The records>
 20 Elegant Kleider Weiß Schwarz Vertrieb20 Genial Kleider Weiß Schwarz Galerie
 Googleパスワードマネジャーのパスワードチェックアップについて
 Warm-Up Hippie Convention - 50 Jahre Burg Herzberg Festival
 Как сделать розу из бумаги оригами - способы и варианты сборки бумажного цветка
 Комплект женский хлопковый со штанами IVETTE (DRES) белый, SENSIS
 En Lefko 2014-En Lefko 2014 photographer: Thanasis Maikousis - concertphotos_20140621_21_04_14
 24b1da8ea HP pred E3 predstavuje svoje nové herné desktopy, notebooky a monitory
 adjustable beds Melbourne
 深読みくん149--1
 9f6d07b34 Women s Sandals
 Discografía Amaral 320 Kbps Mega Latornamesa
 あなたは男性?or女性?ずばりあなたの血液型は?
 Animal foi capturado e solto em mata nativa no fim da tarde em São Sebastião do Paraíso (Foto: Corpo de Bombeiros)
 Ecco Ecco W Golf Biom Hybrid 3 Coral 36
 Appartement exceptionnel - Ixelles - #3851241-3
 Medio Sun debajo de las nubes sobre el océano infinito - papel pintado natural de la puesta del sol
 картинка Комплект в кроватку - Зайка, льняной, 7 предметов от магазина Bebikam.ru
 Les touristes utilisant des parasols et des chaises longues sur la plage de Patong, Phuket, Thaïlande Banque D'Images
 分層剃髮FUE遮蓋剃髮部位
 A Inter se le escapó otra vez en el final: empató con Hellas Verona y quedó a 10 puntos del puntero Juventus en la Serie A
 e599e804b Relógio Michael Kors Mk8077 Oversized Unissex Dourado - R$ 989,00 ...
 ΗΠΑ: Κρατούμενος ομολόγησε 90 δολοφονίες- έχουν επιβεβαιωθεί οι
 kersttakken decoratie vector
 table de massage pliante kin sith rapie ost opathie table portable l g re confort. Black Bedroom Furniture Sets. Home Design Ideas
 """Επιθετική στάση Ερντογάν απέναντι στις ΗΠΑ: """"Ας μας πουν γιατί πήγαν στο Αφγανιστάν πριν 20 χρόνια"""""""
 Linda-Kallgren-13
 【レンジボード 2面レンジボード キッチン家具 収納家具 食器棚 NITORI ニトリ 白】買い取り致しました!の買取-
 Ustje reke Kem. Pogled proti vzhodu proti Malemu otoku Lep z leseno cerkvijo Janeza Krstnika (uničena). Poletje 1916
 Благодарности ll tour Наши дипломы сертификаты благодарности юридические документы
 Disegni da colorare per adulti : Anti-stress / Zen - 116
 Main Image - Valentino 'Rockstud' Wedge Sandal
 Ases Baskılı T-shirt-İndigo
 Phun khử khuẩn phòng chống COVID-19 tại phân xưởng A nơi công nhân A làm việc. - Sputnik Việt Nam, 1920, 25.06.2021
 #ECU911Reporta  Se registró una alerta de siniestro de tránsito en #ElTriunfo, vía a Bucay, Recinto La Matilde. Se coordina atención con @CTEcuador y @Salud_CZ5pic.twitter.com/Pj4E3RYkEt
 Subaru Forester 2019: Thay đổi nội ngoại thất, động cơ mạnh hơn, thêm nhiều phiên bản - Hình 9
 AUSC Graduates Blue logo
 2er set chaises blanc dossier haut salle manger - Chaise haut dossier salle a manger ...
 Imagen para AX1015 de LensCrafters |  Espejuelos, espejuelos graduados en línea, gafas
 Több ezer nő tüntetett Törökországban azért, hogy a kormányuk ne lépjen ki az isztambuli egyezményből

What to do>
Every line that includes "chaises" must be copied from the material above.

Answer to this problem>
 Les touristes utilisant des parasols et des chaises longues sur la plage de Patong, Phuket, Thaïlande Banque D'Images
 2er set chaises blanc dossier haut salle manger - Chaise haut dossier salle a manger ...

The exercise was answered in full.